The rage and grief made her faster. Deadlier. Each block and strike carried the weight of personal vendetta.
Aayla fought with both lightsabers gripped in a two-handed stance, the green and blue blades weaving patterns of destruction through the mechanical horde. She'd trained for years to master dual-blade combat. Now that training expressed itself in elegant, lethal efficiency.
Scott—still towering at full giant-size—swatted drones from the air like insects. Flash and Cameron perched on his shoulders, their blaster rifles providing covering fire for any angle Scott's massive hands couldn't reach. The ARC troopers had turned the Avenger into a mobile weapons platform.
"On your six, Scott!" Flash called out, squeezing off three rapid shots.
"Thanks—got it!" Scott's hand came around, crushing the flanking drones.

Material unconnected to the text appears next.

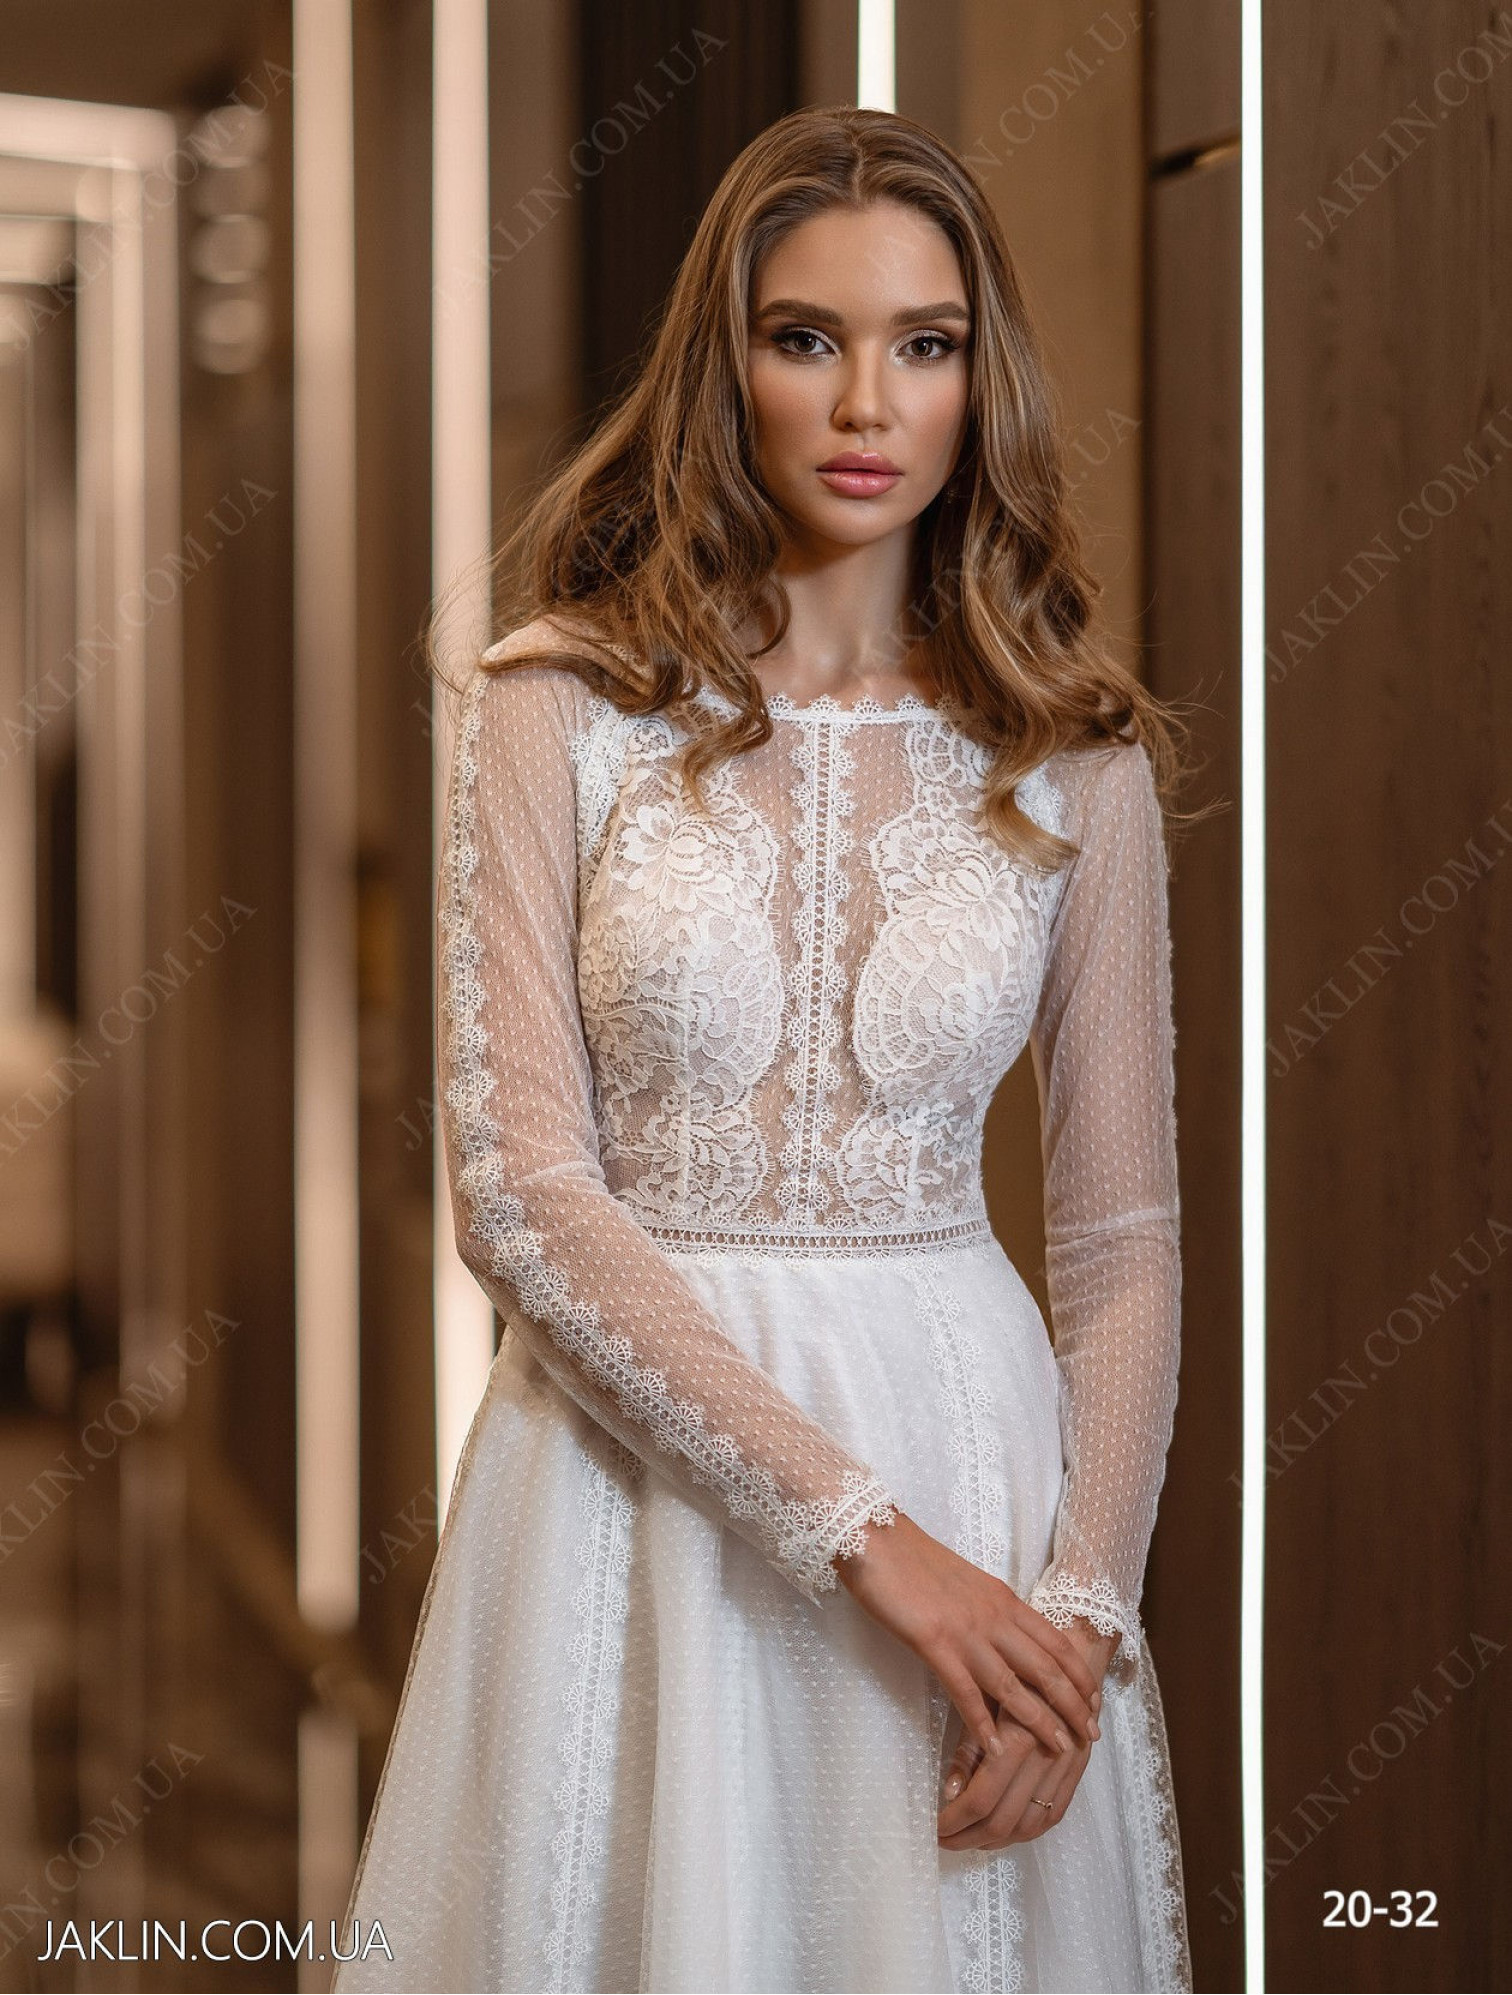 Wedding dress 20-32

"Contact rear!" Cameron swiveled, his rifle barking. "They're trying to circle!"
Then Steve's voice cut through the chaos: "Sorry we're late. Ran into some traffic."
His team emerged from a side corridor, shield leading, clone troopers in perfect formation behind him. The effect on morale was instantaneous. Clone soldiers cheered. Civilians found renewed strength. Even some of the Jedi allowed themselves small smiles.
Several troopers moved to the barricades, dismantling sections to allow Steve's team through.
"Nice of you to join us, Cap," Aayla called, deflecting a blaster bolt past his head.
Steve grinned, shield already spinning toward the next target. "Yeah, well—when you've been doing this as long as I have—"
"You two are impossible," Natasha muttered, though her lips quirked as she caught Bly's knowing look from across the platform. The clone commander's shoulders shook with silent laughter before he returned to coordinating fire sectors.
The technician did a quick headcount, data slate updating in real-time. "We're missing people. Vos and Delta Team haven't made it back yet."
Aayla's montrals twitched—sensing danger, reading tactical possibilities. Her voice carried across the platform: "Get reinforcements on the comm. We need support, now!"